A number of demographic and school related factors affected a child’s ability to achieve the expected academic standard (table 4). Compared with KS2, the relative risk that children achieved the expected academic standard fell for each rise in the key stage. In general, females were more likely to achieve the expected academic standard than their male counterparts. Compared with the 25–29 years maternal age group, children whose mothers were <25 years of age at birth were less likely to achieve the expected academic standard, but mothers 30 plus years of age at birth were more likely to achieve the expected academic standard. There were indicators that socioeconomic status (SES) impacted children’s relative risk of achieving the expected academic standard: children born in more deprived areas and/or children eligible for free school meals were less likely to achieve the expected academic standard. Children who required special educational needs were less likely to achieve the expected academic standard compared with children who did not require these needs. Children at schools with >100 pupils were more likely to achieve the expected academic standard compared with schools with ≤100 pupils.

Table 4

Model results

Injury-related factors

Children who had sustained their most severe injury at any time due to environmental factors (eg, temperature, pressure, electricity), minor TBI, contusion/open wound, or other injuries of muscle/tendon/other dislocations, crush injury/fracture foot/hand bones, internal haemorrhage in abdomen/pelvis, or superficial injury were less likely to achieve the expected academic standard than children who had sustained a fracture of the radius or ulna (table 4). Children with pedestrian related injuries at any time prior to a KS were less likely to achieve the expected academic standard compared with children with low fall injuries. Children whose most severe injury was due to being a pedal cyclist-rider or passenger, high fall, fire/flames/smoke, cutting/piercing object or animal related were less likely to achieve the expected academic standard compared with low fall injuries. Children who sustained their injury as a result of intentional self-harm were less likely to achieve the expected academic standard compared with unintentional/non-intentional harm.

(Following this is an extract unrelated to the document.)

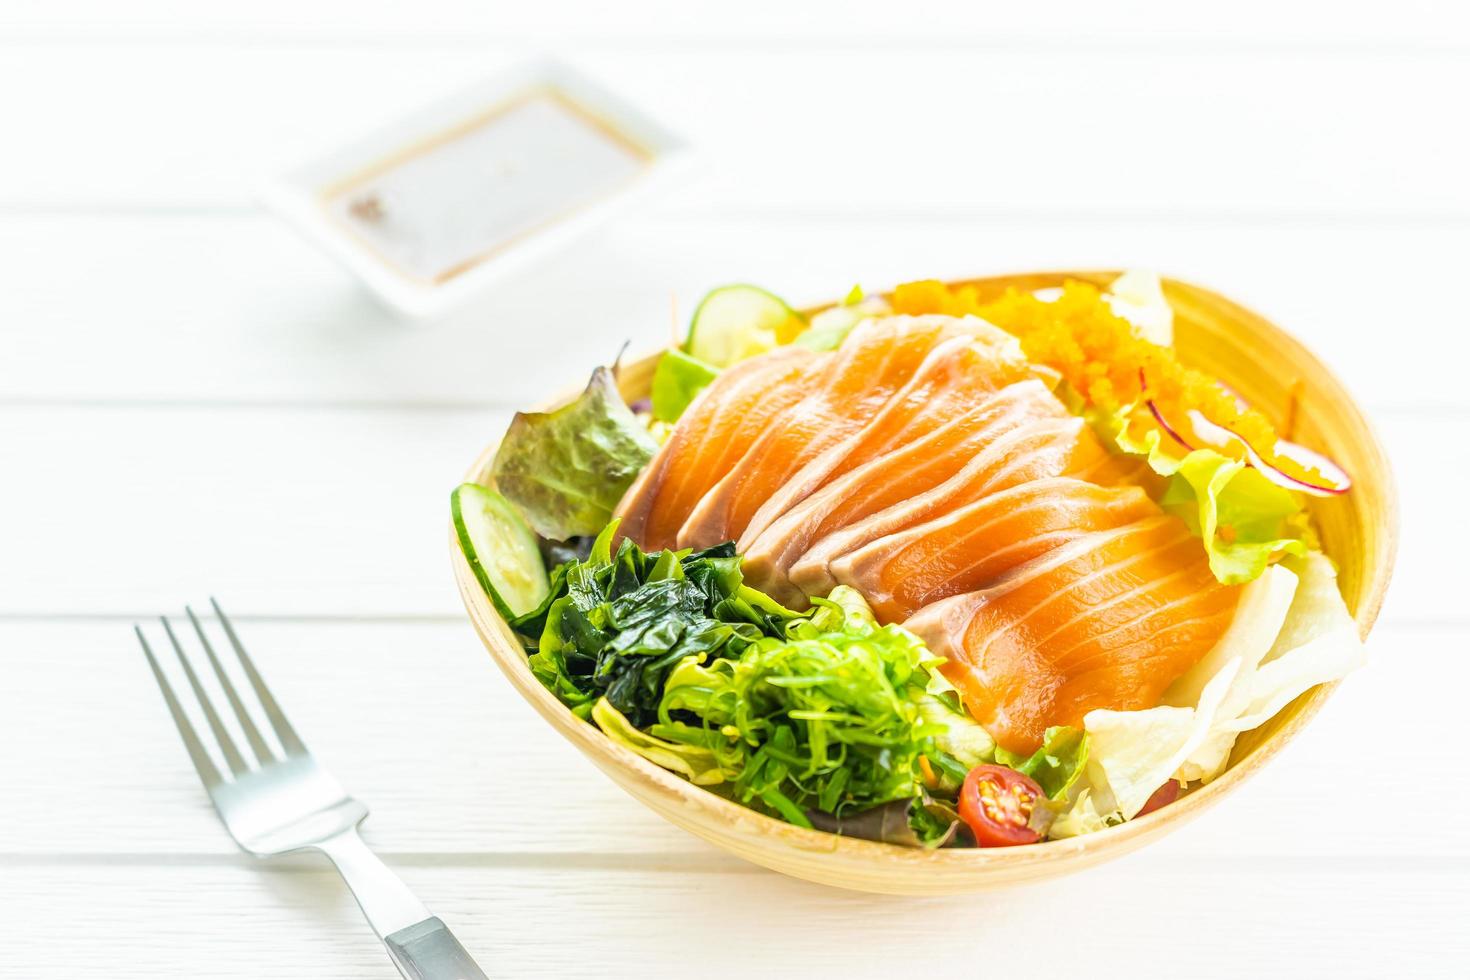 Sashimi de carne de pescado de salmón fresco crudo con ensalada de algas y otras verduras foto

This study found that Welsh children’s educational achievement was negatively impacted by an injury hospital admission. Non-injury-related factors, such as school size and circumstances at the child’s birth, including socioeconomic status, also impacted a child’s educational achievement.

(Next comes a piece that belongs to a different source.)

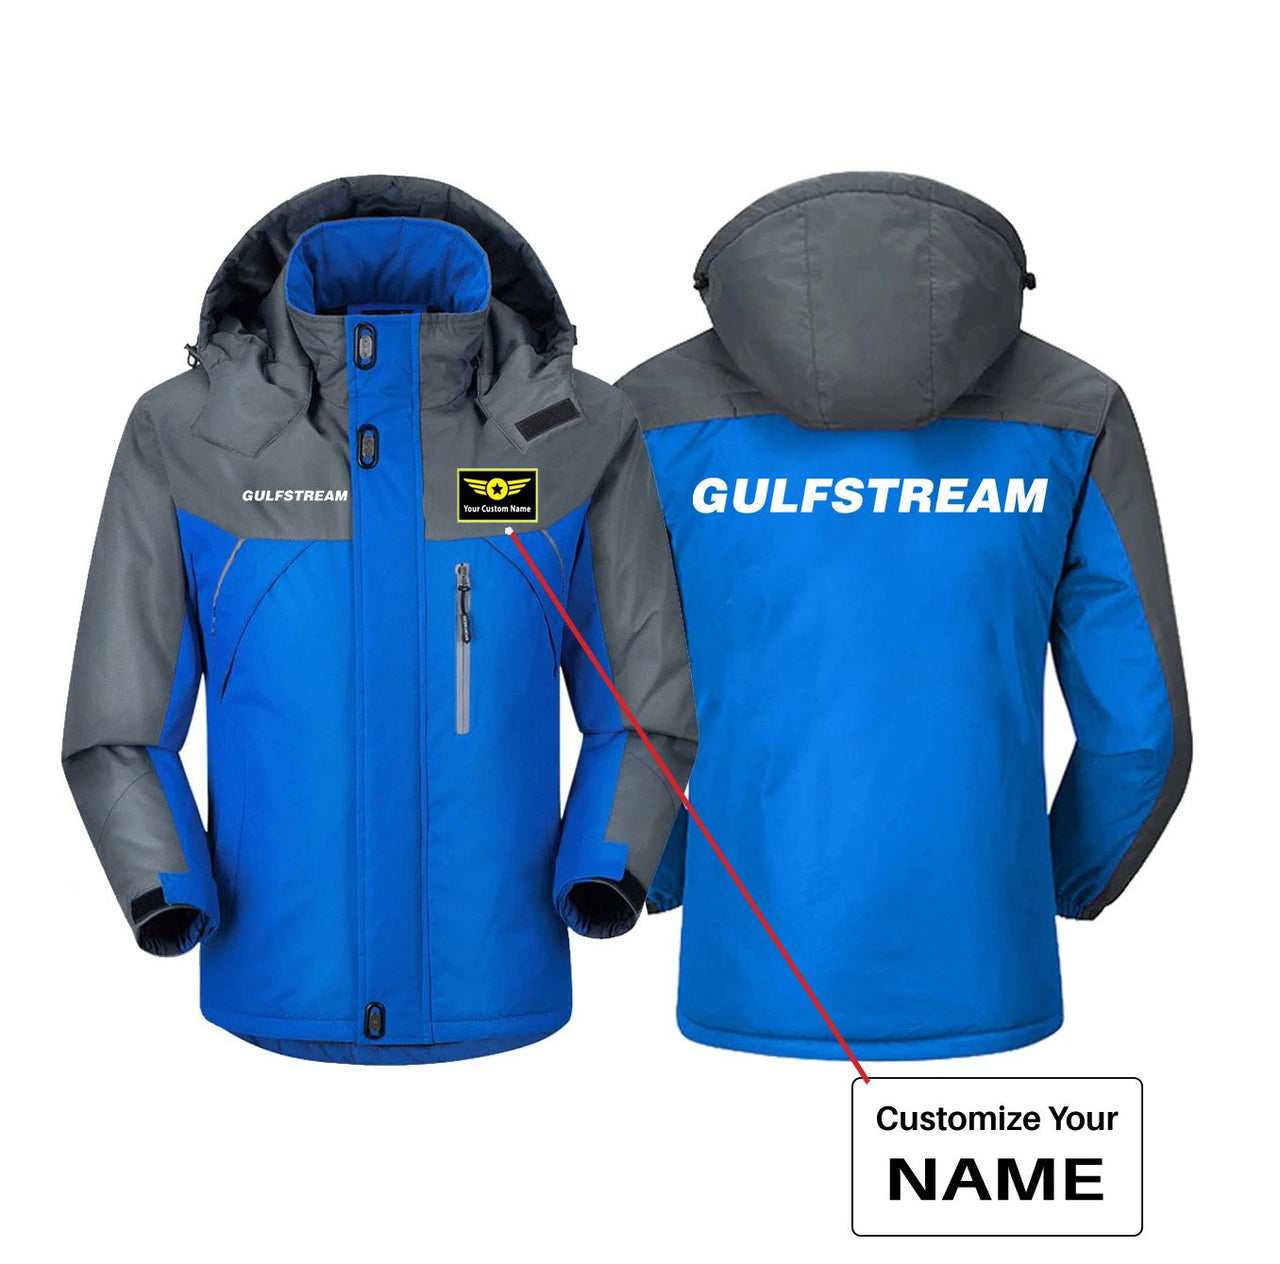 Gulfstream & Text Designed Thick Winter Jackets

This study is unique in its detailed investigation of the impact of a childhood injury requiring hospitalisation on educational attainment. This study distinguished over 20 ordered injury groupings based on the GBD2013, thereby providing a new level of detail surrounding the impact of a specific injury hospitalisation on educational attainment. To date, studies have contained less detail about the type of injury. One study that found injured young people less likely to meet the recommended level of educational achievement grouped injury severity as minor, moderate or serious and included only TBI.15 Our study is broadly consistent with other research focusing on the negative impact of a specific injury warranting hospitalisation on educational attainment, many of which relate to TBI.8 16

Injury-related factors

Future educational performance for children was hindered if they had been admitted due to intentional self-harm. Children who sustain an intentional injury have worse health outcomes post hospital discharge compared with those who sustain an unintentional injury.17 Intentional self-harm tends to initially occur during adolescence18 and is associated with increased mental illness conditions and suicidality.19 20 This relationship with suicidality potentially leads to a high risk for self-injurious thoughts and behaviours more generally,21 which may be problematic in the school environment. The relationship between self-harm and sleep problems22 could further impede on children’s academic performance due to lack of sleep potentially interfering with key cognitive processes (eg, executive functioning, attention and memory).

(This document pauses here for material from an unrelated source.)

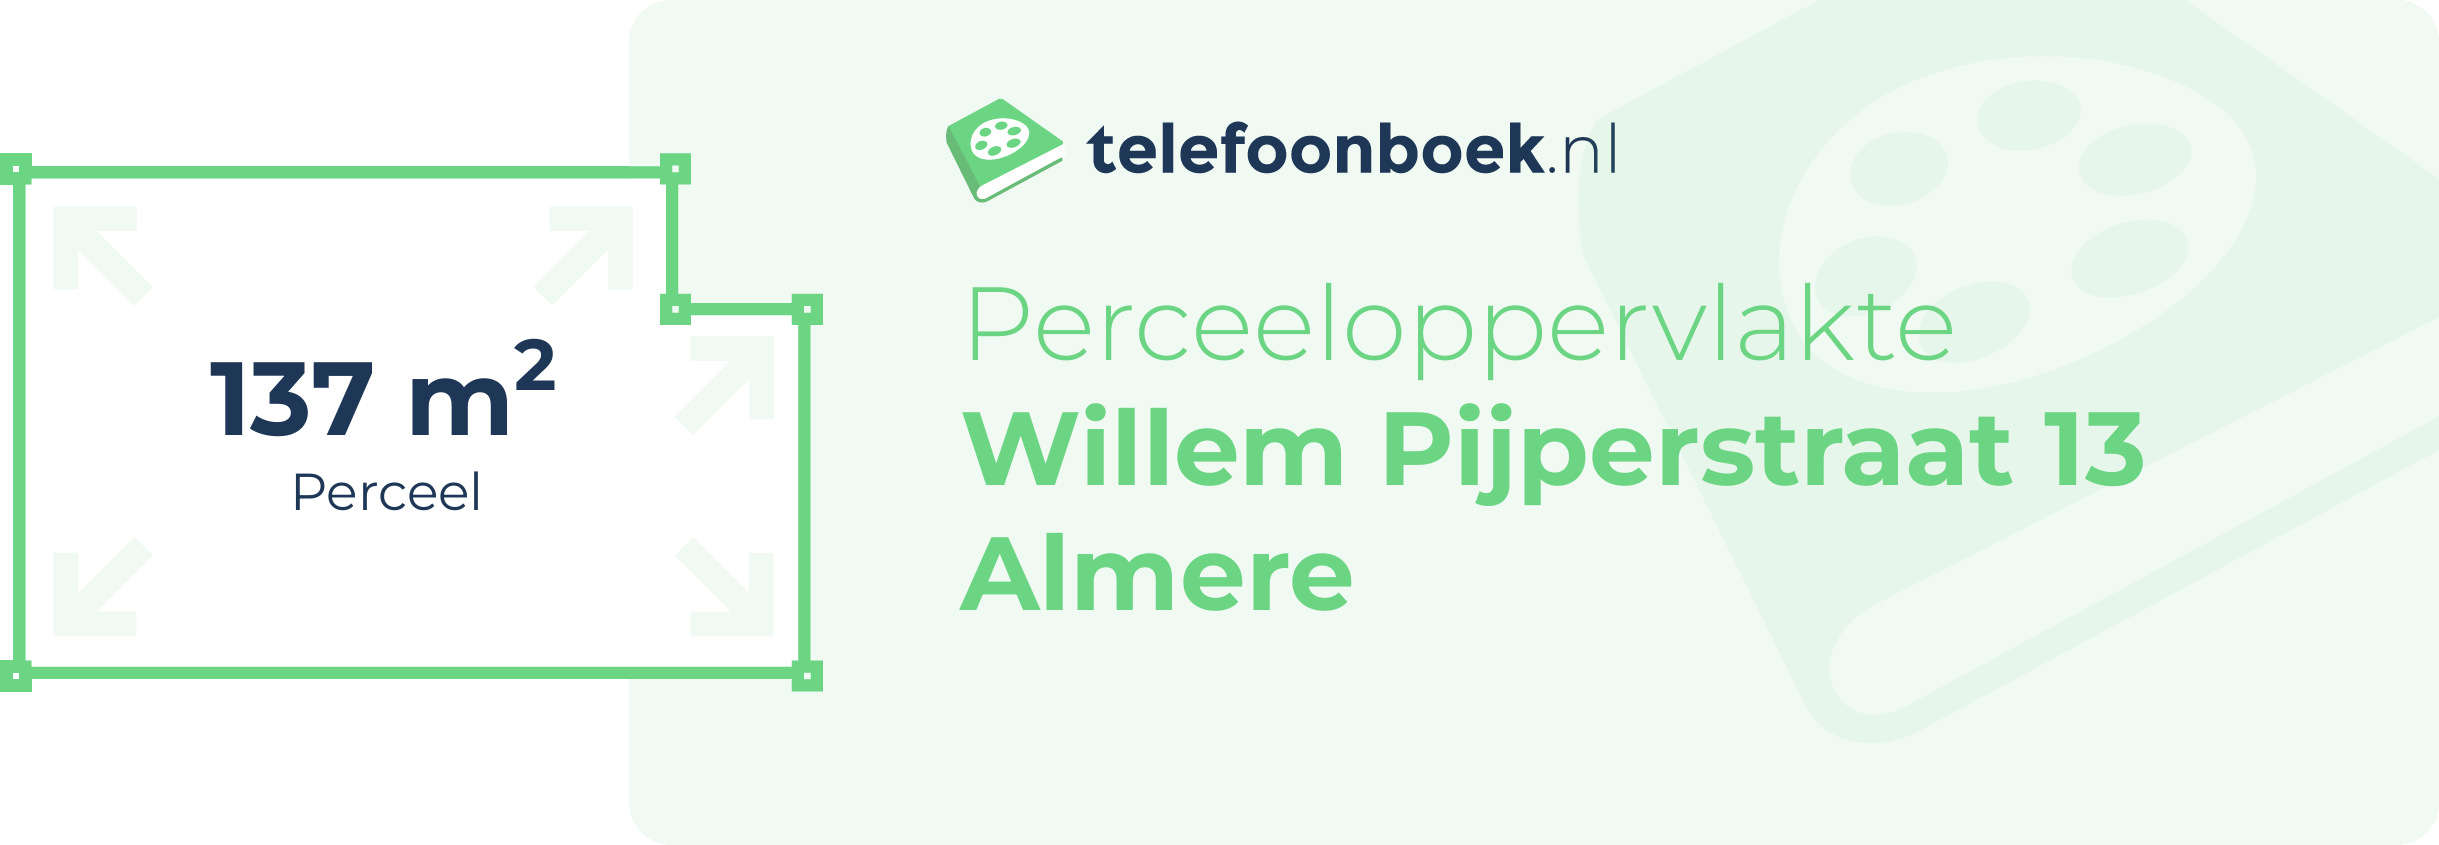 Perceeloppervlakte Willem Pijperstraat 13 Almere

A childhood hospitalisation due to a pedestrian incident potentially negatively impact a child’s academic standard. Research has revealed the relevance of infrastructure modification in improving pedestrian safety among children.23 More attention is needed on risks to pedestrians, such as distracted drivers and/or pedestrians (eg, by mobile phones) and reduced visibility during hazy weather conditions.24 A Safe System approach was proposed by Cloutier et al,25 with a focus on child pedestrians, and recommended that pedestrians be separated in time and space from motor vehicles, or capping traffic speeds to 30 km/hour should this not be the case. The physical and mental recovery from high-impact childhood pedestrian injuries may negatively affect school attendance, physical and cognitive functioning and play a role in reducing the likelihood of achieving the expected academic standard.

A childhood hospitalisation due to a pedal cycle incident potentially negatively impact a child’s academic standard. These more serious injuries often relate to head injuries, hip and thigh, chest and knee and leg injuries,26 potentially affecting the child’s school life for an extended period of time (eg, hip injuries). Multicomponent educational interventions, coupled with laws and supporting legislation to improve safety knowledge, attitudes and behaviours in school-aged children, have been shown to be effective in increasing use of an adequately sized and certified helmet to reduce head injuries and to reduce traffic-related injury rates.23

This study found that children admitted to hospital with minor TBI had a decreased relative risk of achieving the expected academic compared with a fracture of the radius or ulna which is consistent with past research indicating this type of injury influences the developing brain. Children with an internal abdominal or pelvic haemorrhage also had a decreased relative risk of achieving the expected academic. The abdominal wall in children is thin with less muscle and subcutaneous fat, and tends to provide reduced protection from high impact injuries such as seat-belt injuries, bicycle handlebar injuries and penetrating injuries. Our finding reflects the more prolonged healing time, activity limitations and potential disruption to learning.

Childhood hospitalised fractures of the femur impacted on expected academic achievement compared with a fracture of the radius or ulna. These types of fractures in children often occur from traffic-related or high fall incidents. This type of break is a serious injury, treated with surgery and physical therapy to restore strength and flexibility to the leg muscles, and take months to heal. The treatment of a fractured femur considers factors such as the child’s age, conformation and size, configuration of the fracture, the nature of the injury (eg, degree of energy) and amount of soft tissue injury present. A key issue is the potential for any shortening of the femur that might occur with a fracture of a growing bone with healing time inhibiting certain physical activities.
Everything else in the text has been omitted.